I would probably get a concentrated dose of existential dread knowing that by EOD I would cease to exist. Usually I'm able to delay that dread with the silly reasoning that I still have many years left before I die, but I wouldn't have that mind hack if I knew I had no time left.
I doubt it. You’d maybe freak out about it for a week but eventually you’re going to come to terms with the fact that this weird setup has absolutely no effect on your actual experience.
Same for other contrived things like dying and getting revived every day, getting frozen and unfrozen every day, taking a teleport dematerializer every day for your commute, having a portion of your brain and organs randomly get swapped out ship of Theseus style, etc.
At some point you would just come to terms with the fact that your existence is really just that of being a mind with a past and present. The future doesn’t really matter.
Why not go out with a bang and spend your life savings on hookers and blow (or whatever decadent thing floats your boat)?

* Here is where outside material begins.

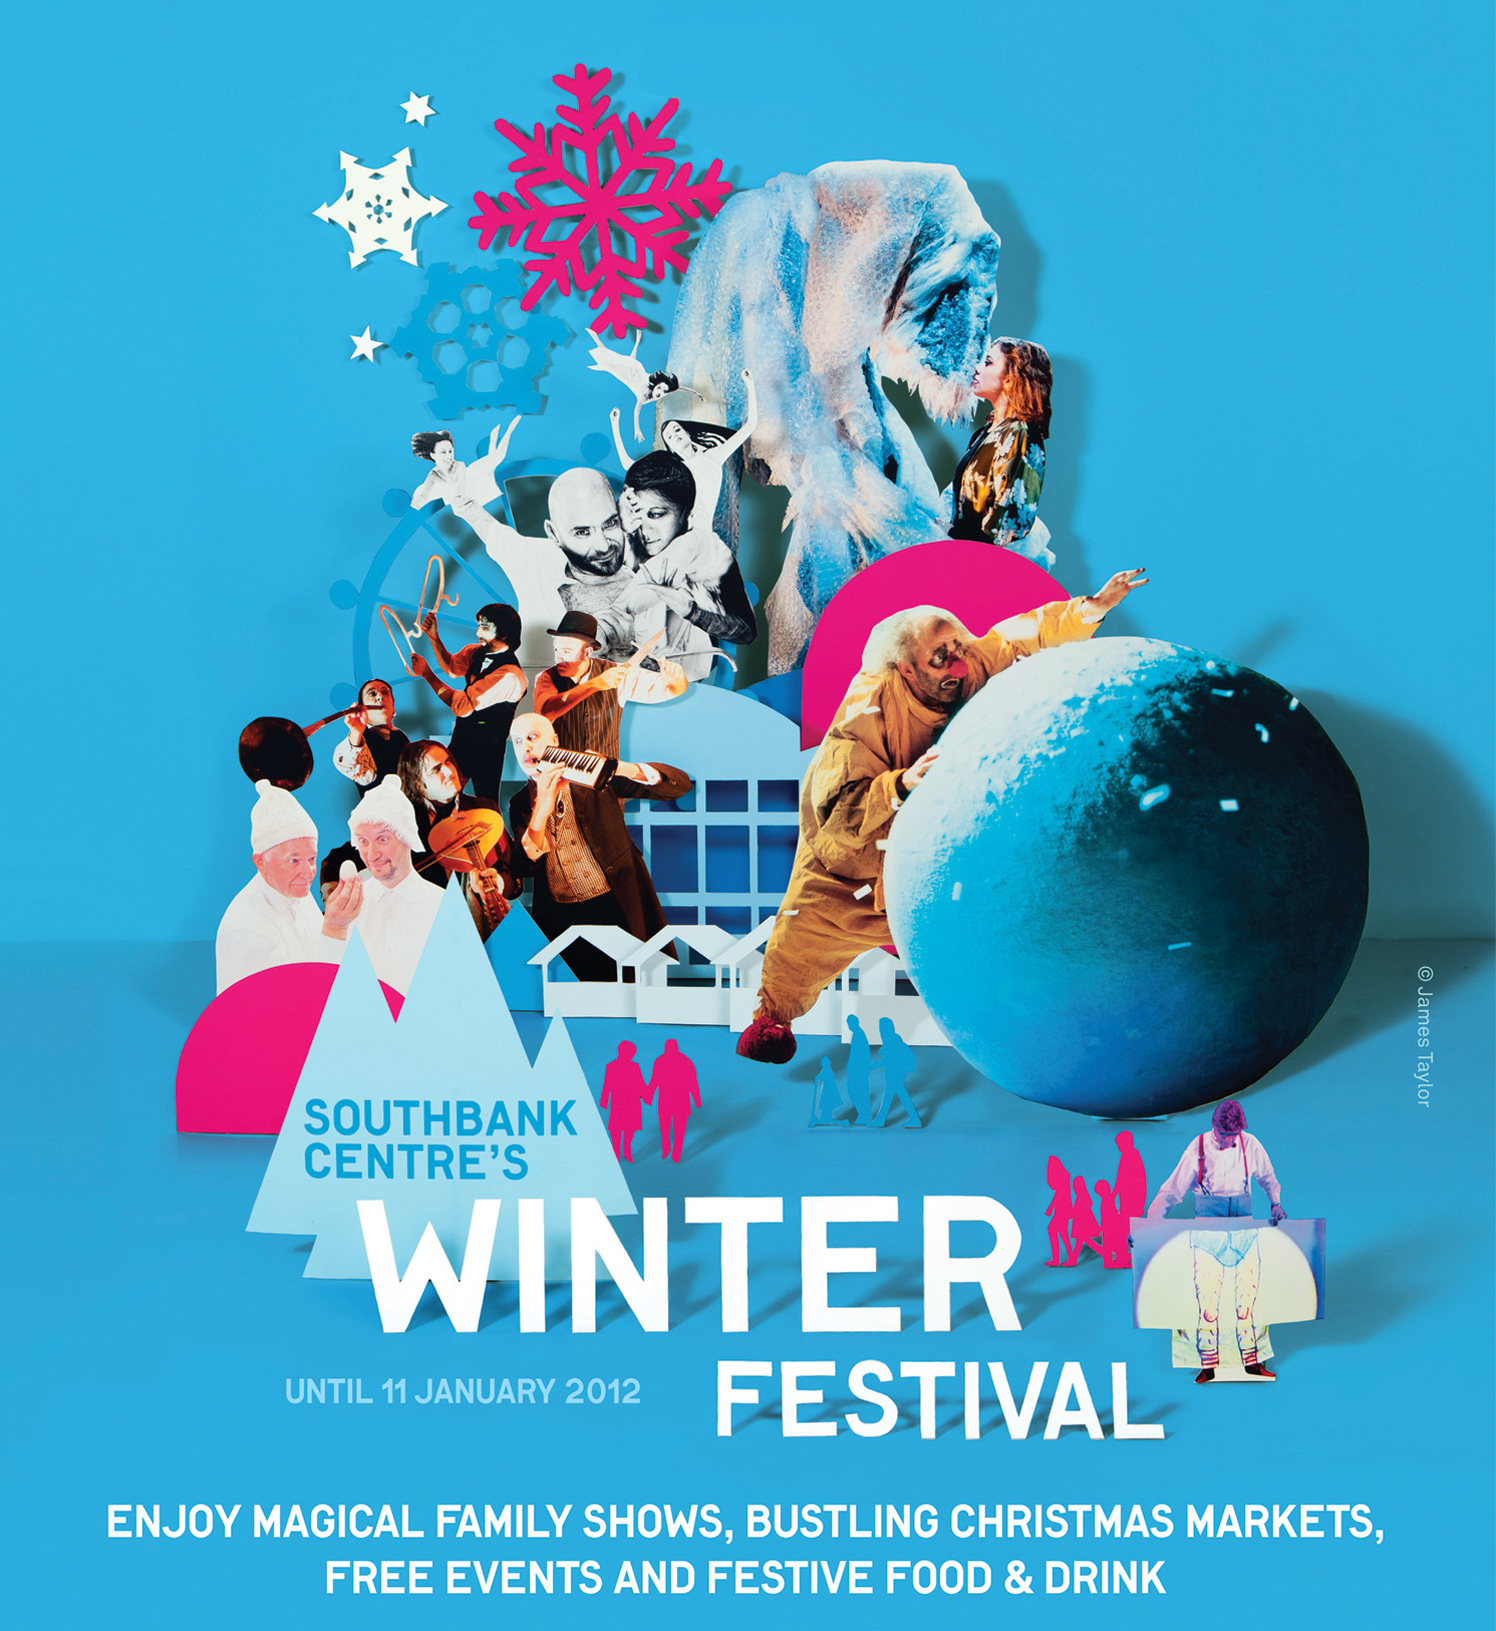 Southbank Centre's Winter Festival

My point is that I suspect most of us wouldn't do anything differently, even if we know it's not our consciousness continuing on, because both scenarios are identical for all practical purposes.

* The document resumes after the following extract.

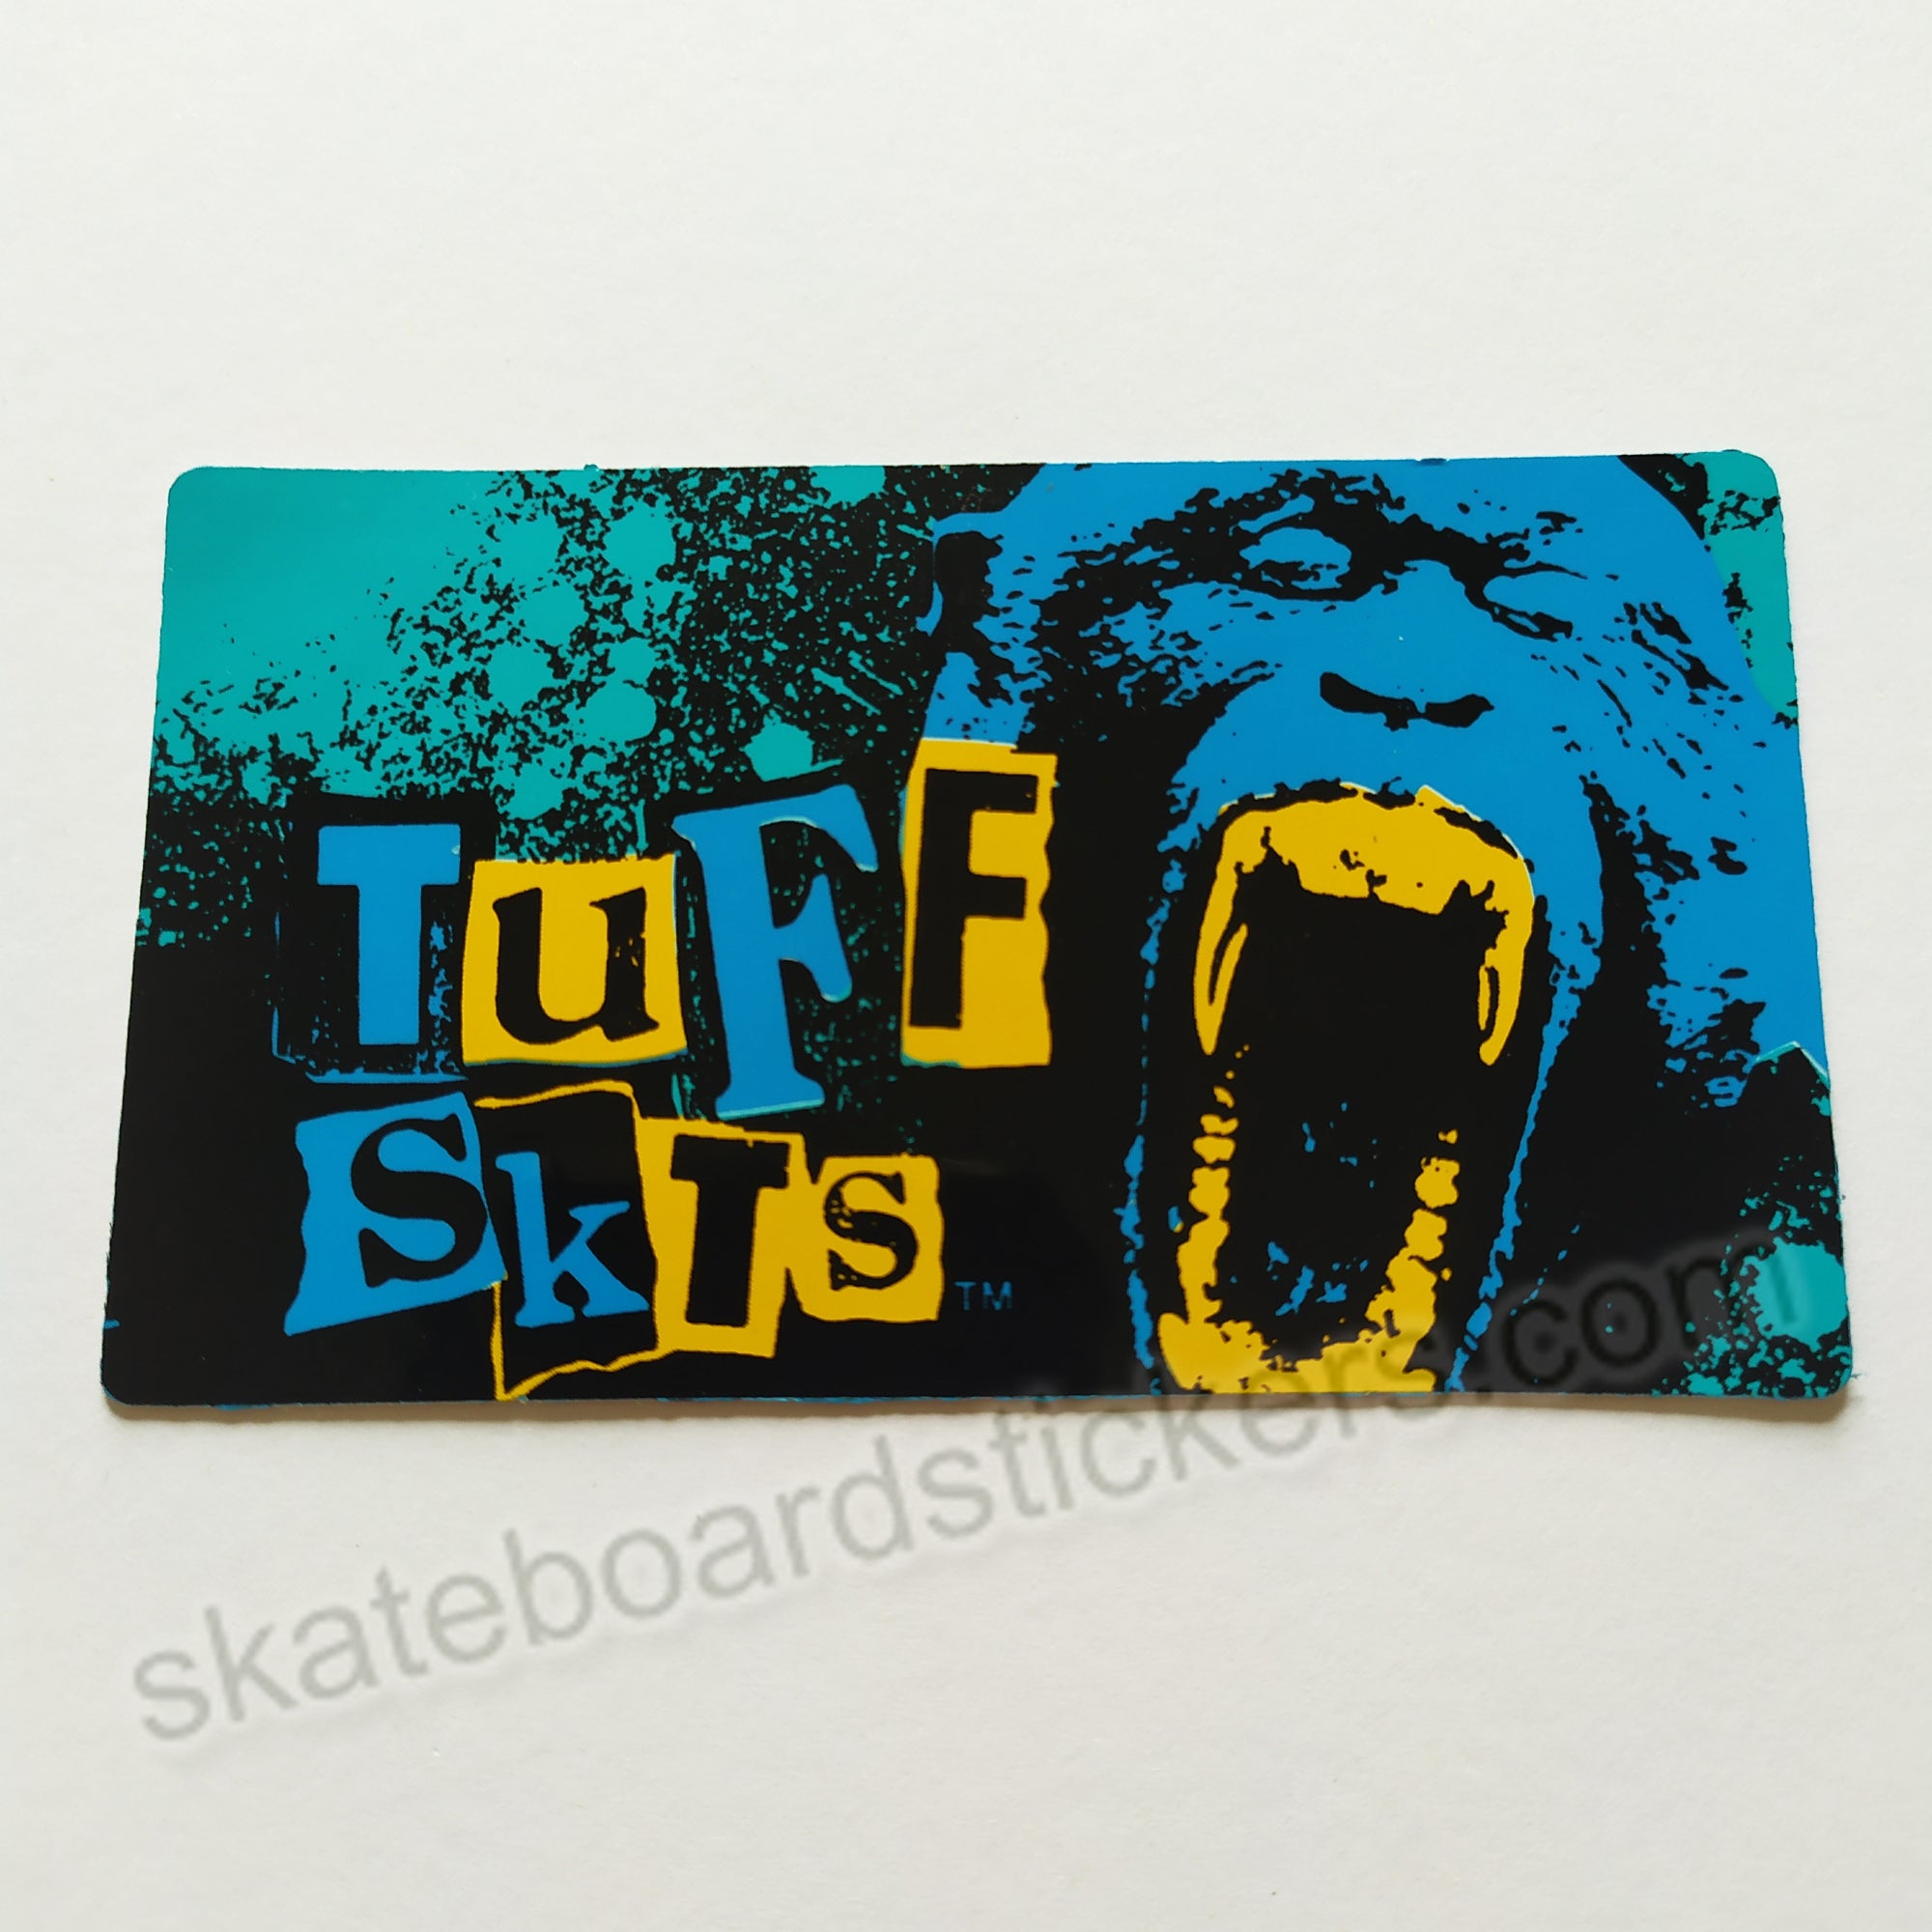 TUFF SKTS Old School Skateboard Sticker

You're right, nothing would change, and both scenarios do play out the same. The difference would be the knowing about it part. That's what changes things for me. If it currently happens that way I wouldn't be aware of it, but if I knew that it was going to happen, the act of knowing, makes it an issue, for me anyway, even if it still plays out the same as every other time.
You remember going to sleep last night. So even if you died and a copy of you was made, intuitively, subjectively, you feel that tomorrow is still you, same as yesterday was same you, even if there is some technical disconnect.